About that hour, also, there came an unusual glut to the traffic, in the form of a troop of the horse-guards. These magnificent creatures, resplendent in glittering steel, white plumes, and black boots, were passing westward. Giles stood in front of the arrested stream. A number of people stood, as it were, under his shadow. Refuge-island was overflowing. Comments, chiefly eulogistic, were being freely made and some impatience was being manifested by drivers, when a little shriek was heard, and a child’s voice exclaimed:—
“Oh! papa, papa—there’s my policeman—the one I so nearly killed.

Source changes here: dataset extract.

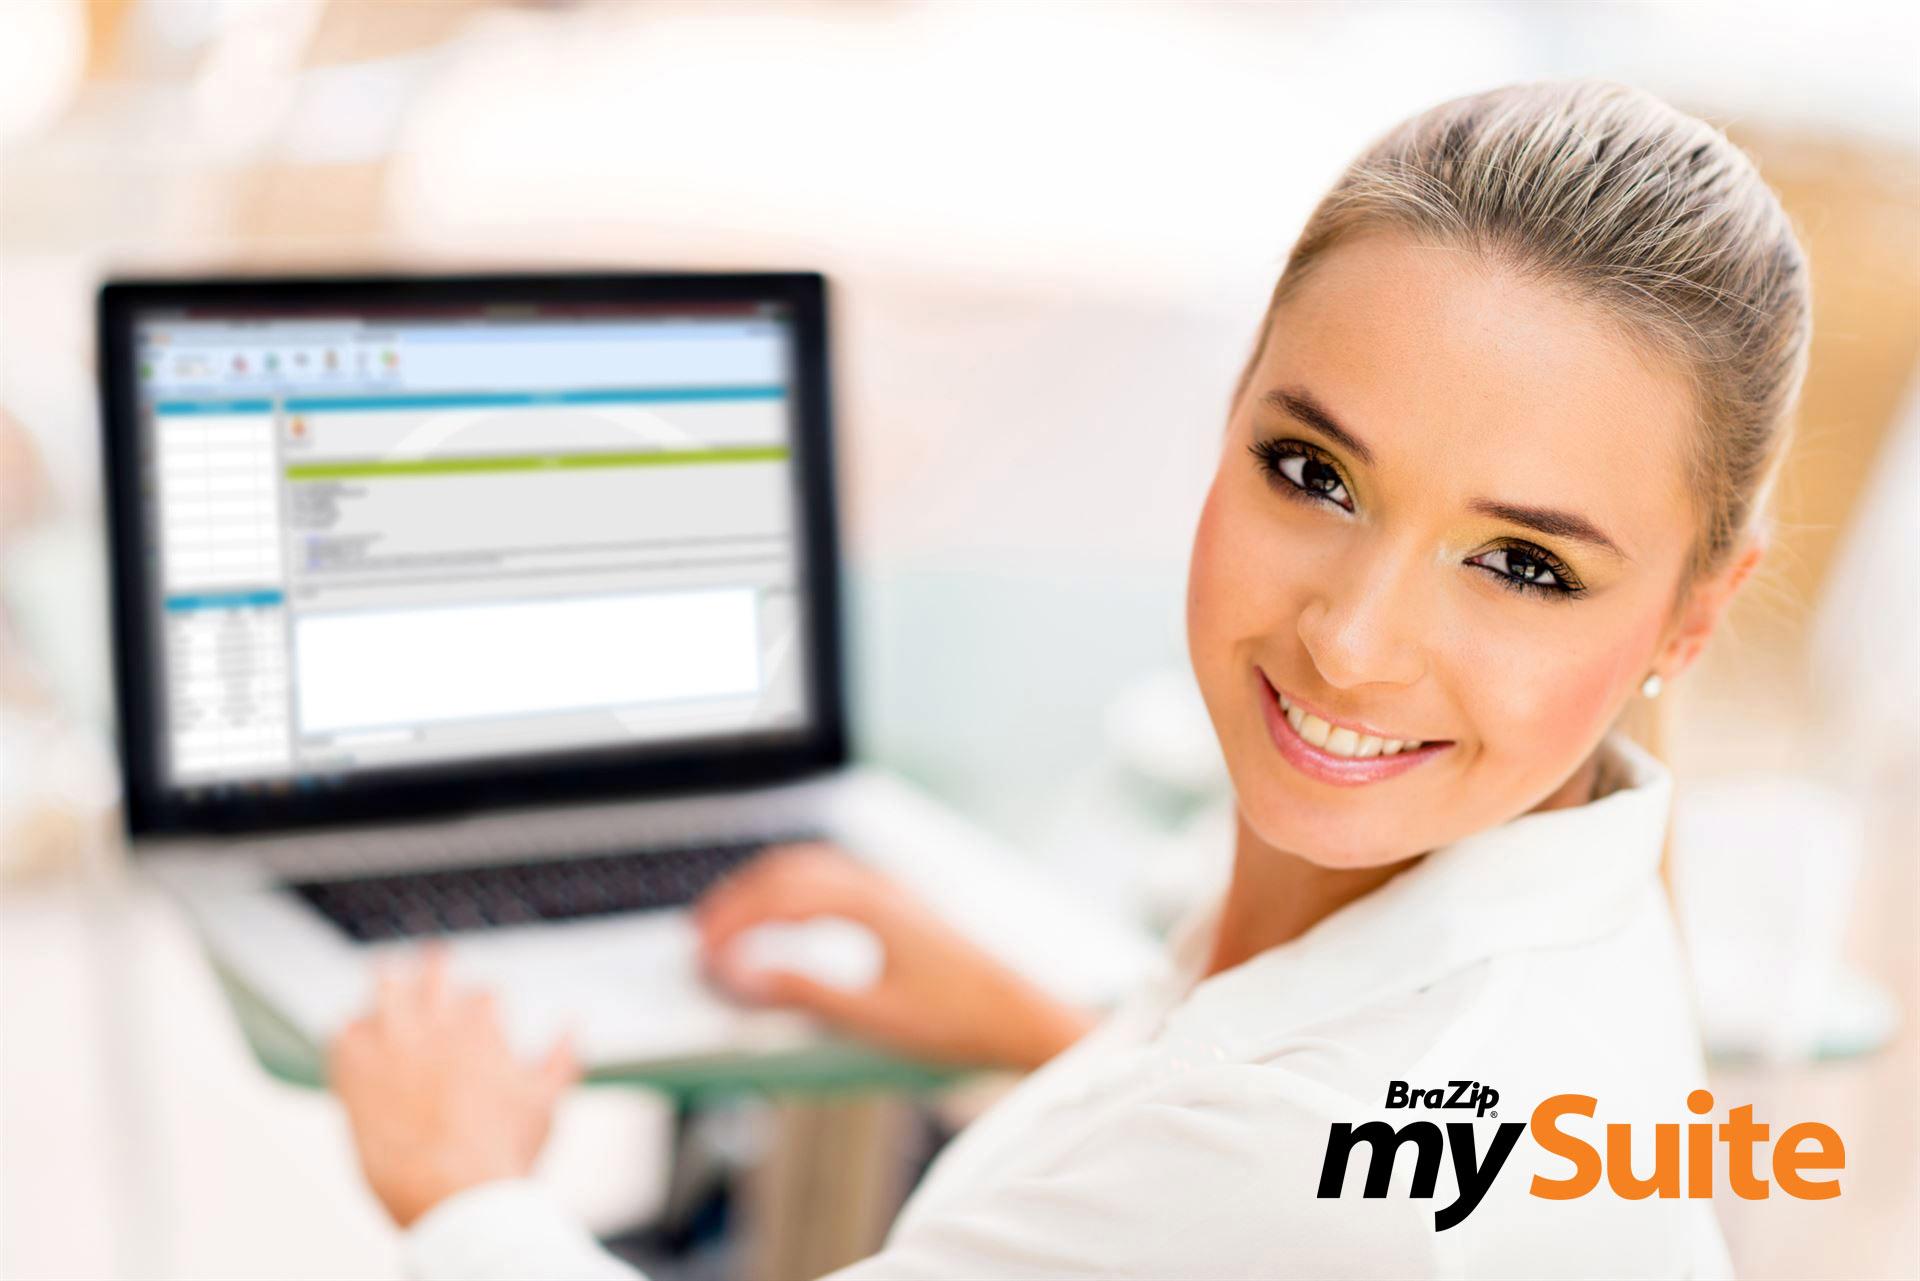 7 dicas para melhorar a qualidade do atendimento online e estreitar o relacionamento com o cliente

He’s not dead after all!”
Giles forgot his dignity for one moment, and, looking round, met the eager gaze of little Di Brandon.
Another moment and duty required his undivided attention, so that he lost sight of her, but Di took good care not to lose sight of him.
“We will wait here, darling,” said her father, referring to refuge-island on which he stood, “and when he is disengaged we can speak to him.”
“Oh! I’m so glad he’s not dead,” said little Di, “and p’raps he’ll be able to show us the way to my boy’s home.”
Di had a method of adopting, in a motherly way, all who, in the remotest manner, came into her life. Thus she not only spoke of our butcher and our baker, which was natural, but referred to “my policeman” and “my boy” ever since the day of the accident.
When Giles had set his portion of the traffic in harmonious motion he returned to his island, and was not sorry to receive the dignified greeting of Sir Richard Brandon, while he was delighted as well as amused by the enthusiastic grasp with which Di seized his huge hand in both of her little ones, and the earnest manner in which she inquired after his health, and if she had hurt him much.
“Did they put you to bed and give you hot gruel?” she asked, with touching pathos.
“No, miss, they didn’t think I was hurt quite enough to require it,” answered Giles, his drooping moustache curling slightly as he spoke.